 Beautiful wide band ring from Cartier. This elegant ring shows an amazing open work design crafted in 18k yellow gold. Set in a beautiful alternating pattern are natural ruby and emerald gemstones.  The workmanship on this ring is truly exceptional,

━━━━━━━━

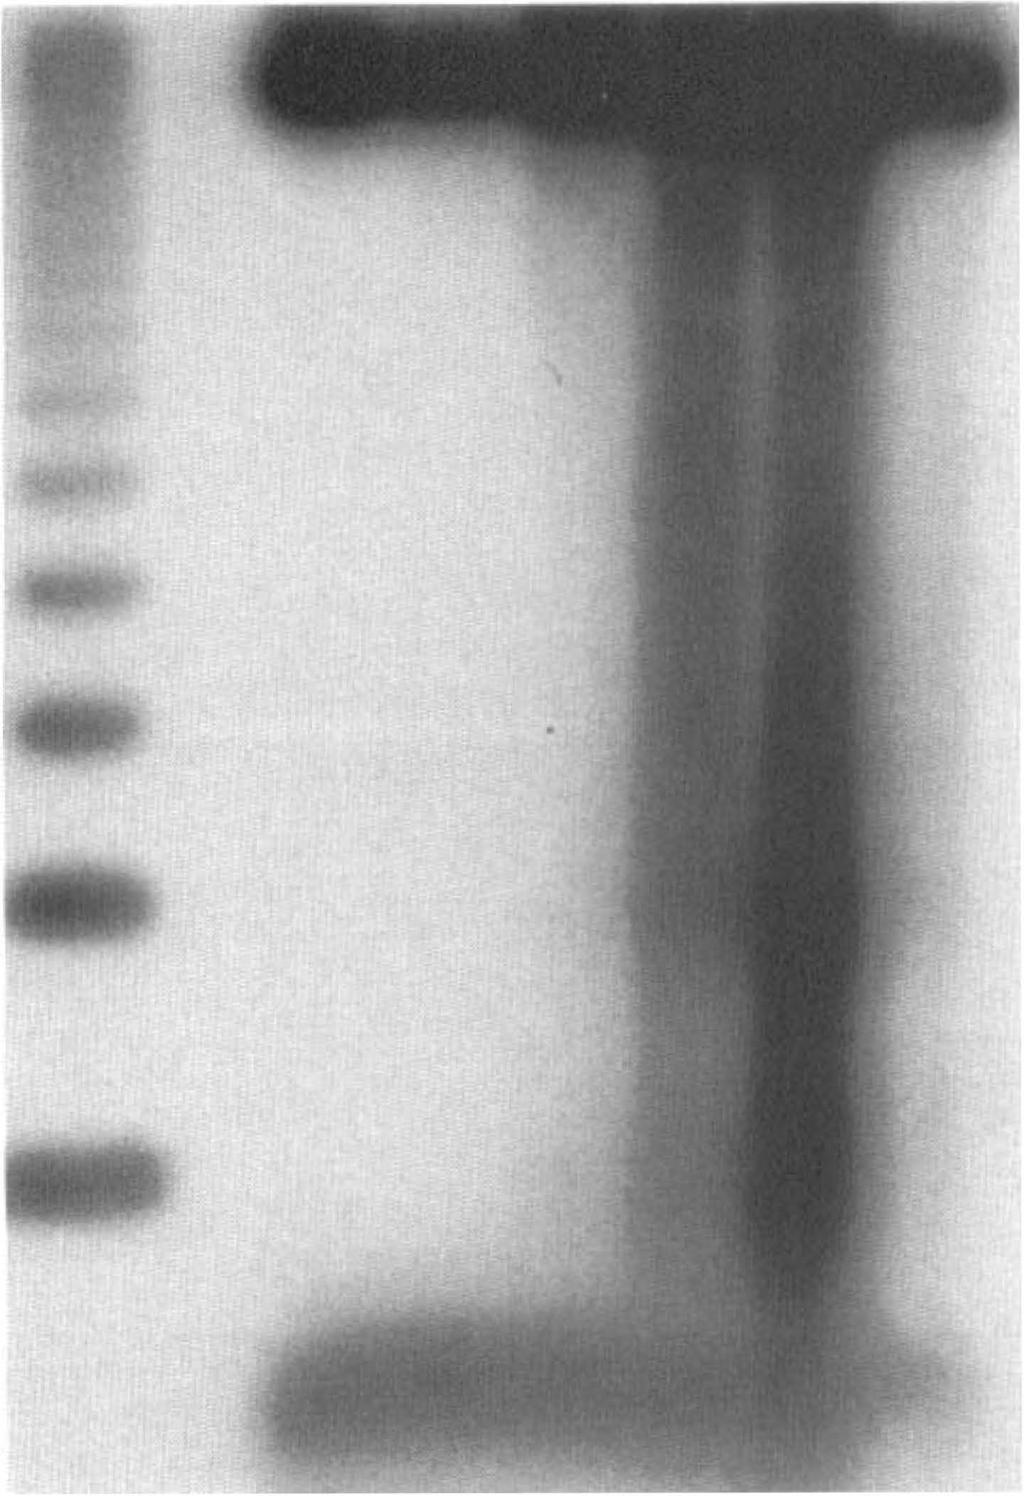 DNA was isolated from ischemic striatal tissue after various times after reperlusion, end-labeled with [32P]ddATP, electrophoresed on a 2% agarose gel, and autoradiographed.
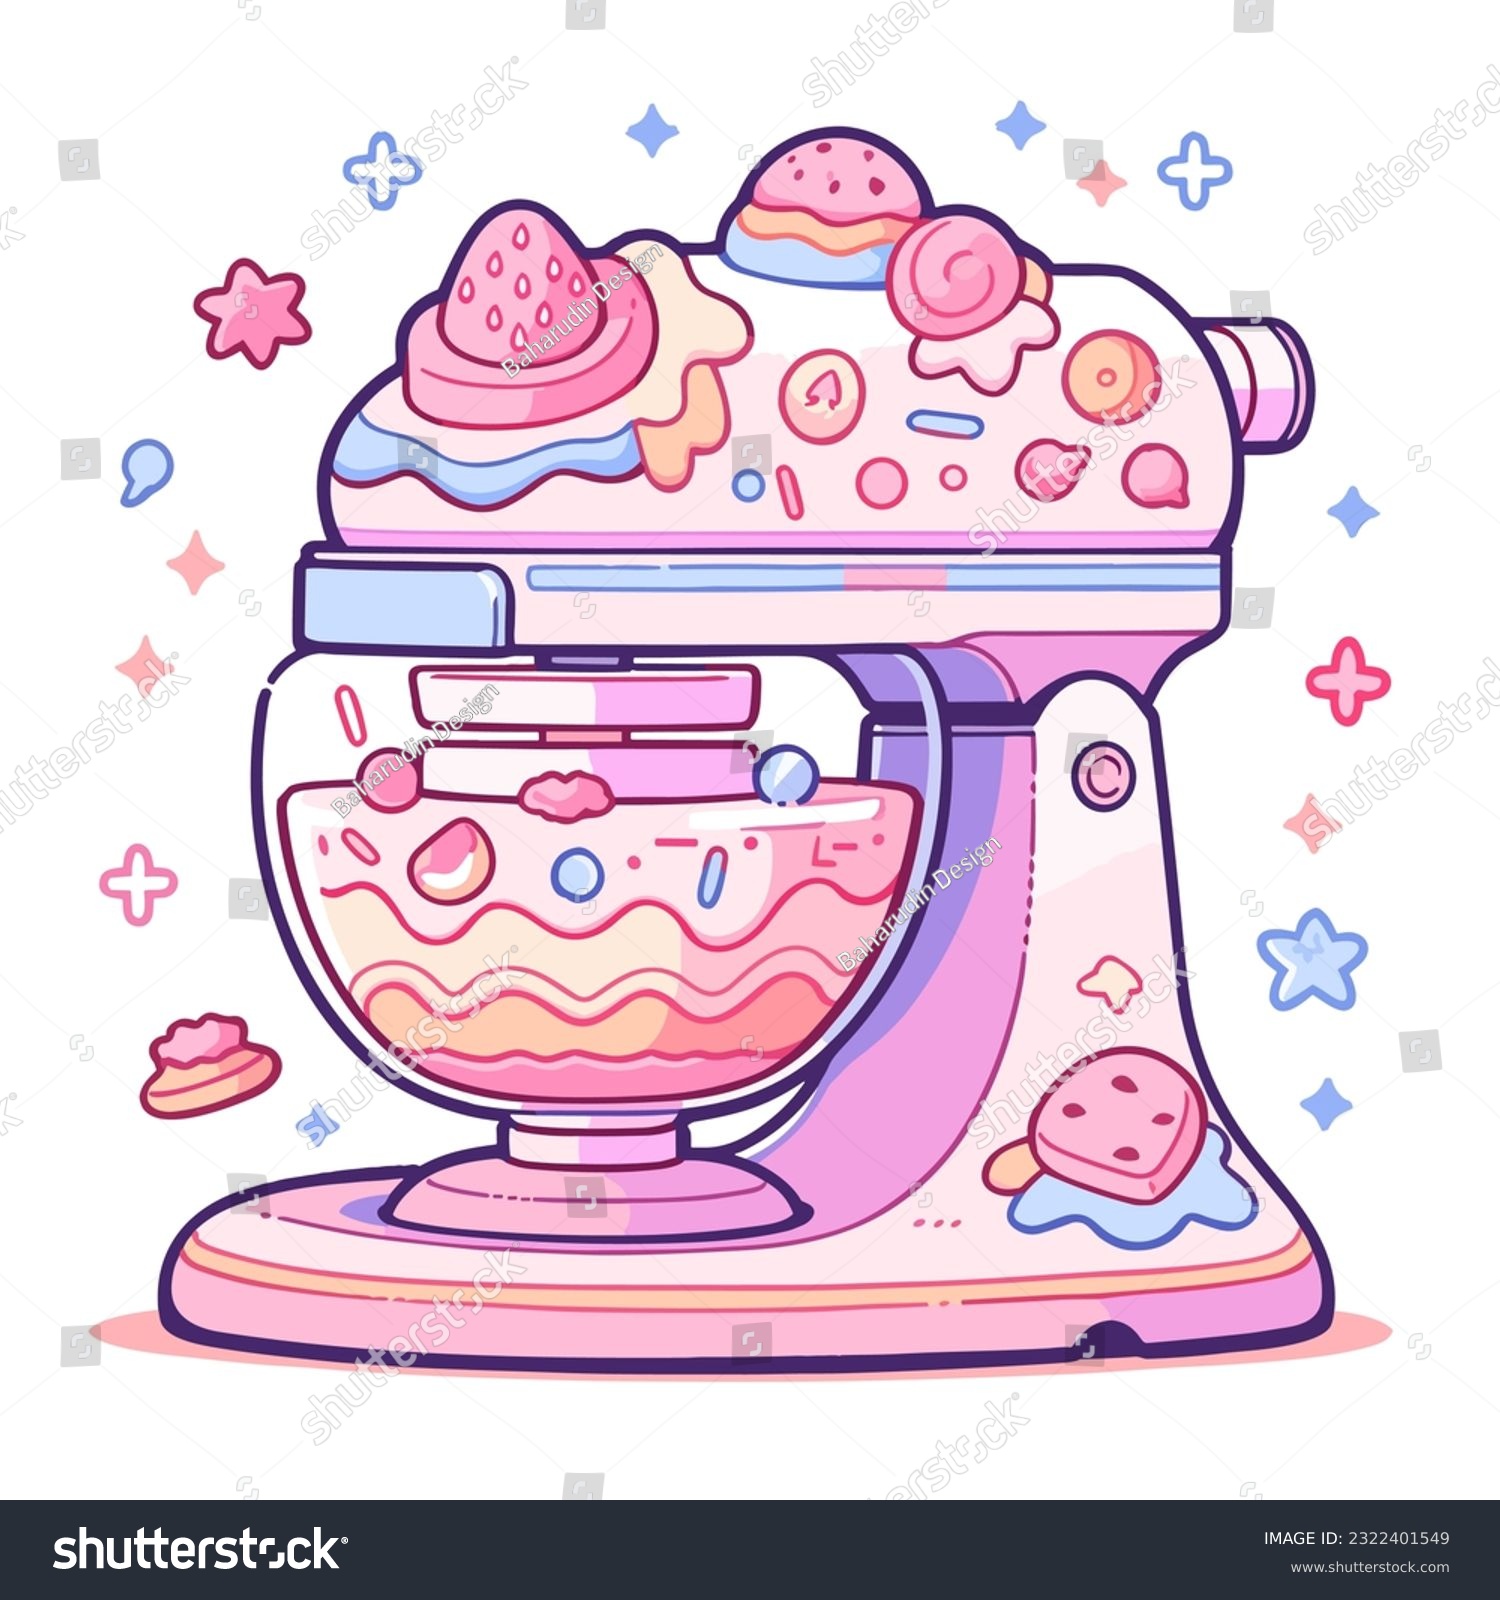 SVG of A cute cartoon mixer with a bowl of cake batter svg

━━━━━━━━

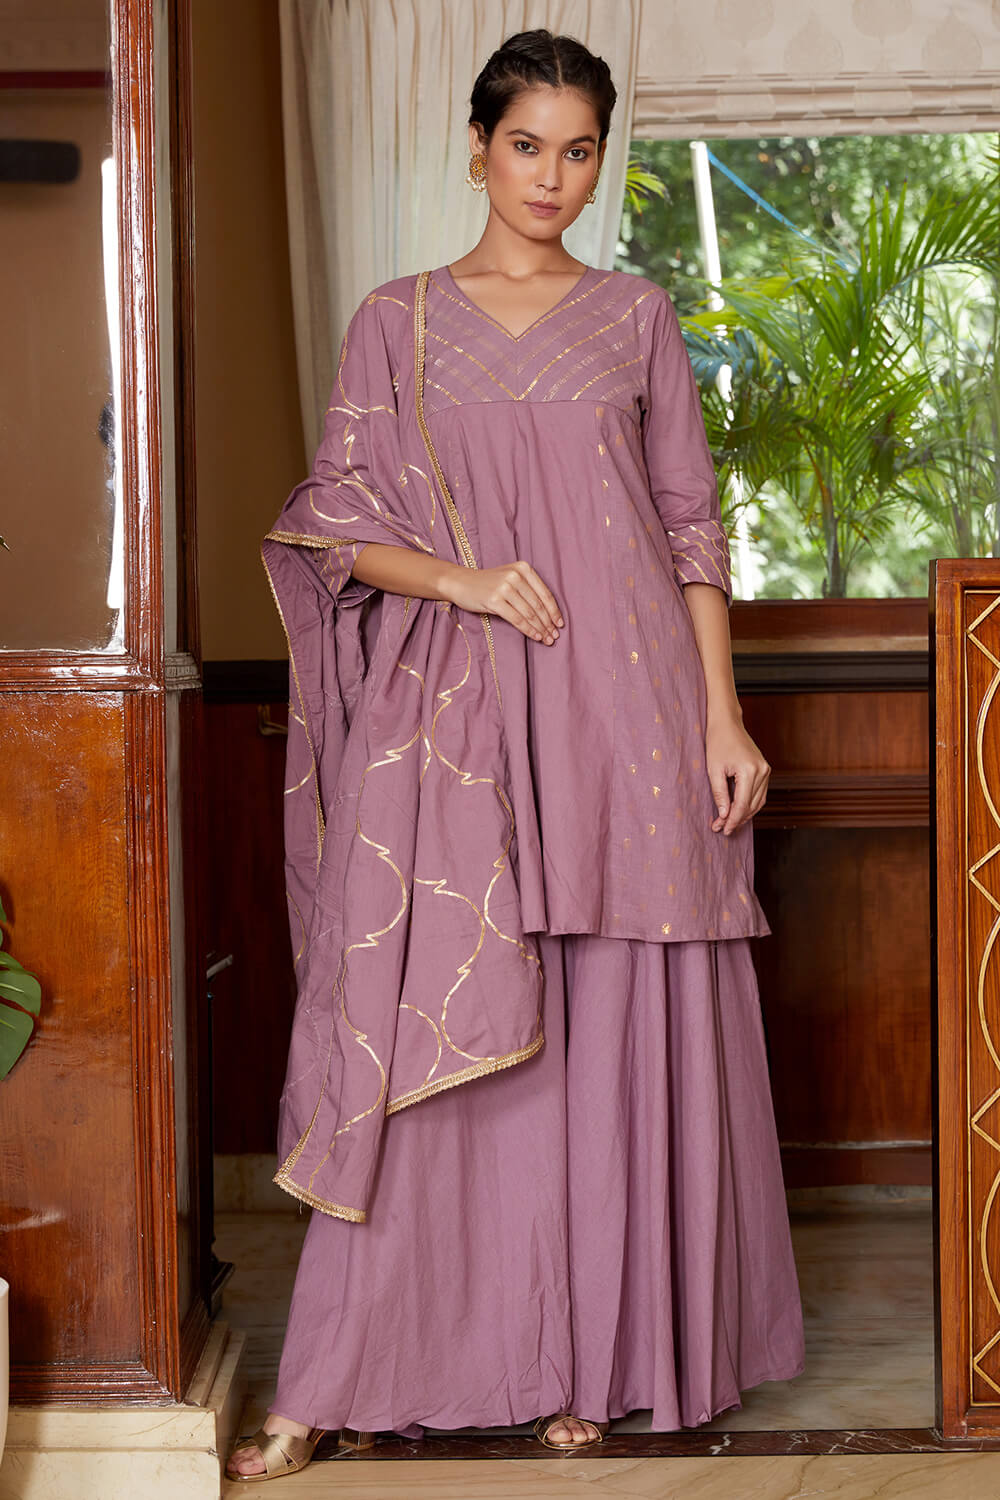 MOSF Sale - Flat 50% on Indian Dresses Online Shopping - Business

━━━━━━━━

▸ **REQUIREMENT**
Transcribe only the lines above that start at the line containing "DNA was isolated" and end at the line containing "SVG of A cute". Omit pictures.

▸ **ANSWER AREA**
 DNA was isolated from ischemic striatal tissue after various times after reperlusion, end-labeled with [32P]ddATP, electrophoresed on a 2% agarose gel, and autoradiographed.
 SVG of A cute cartoon mixer with a bowl of cake batter svg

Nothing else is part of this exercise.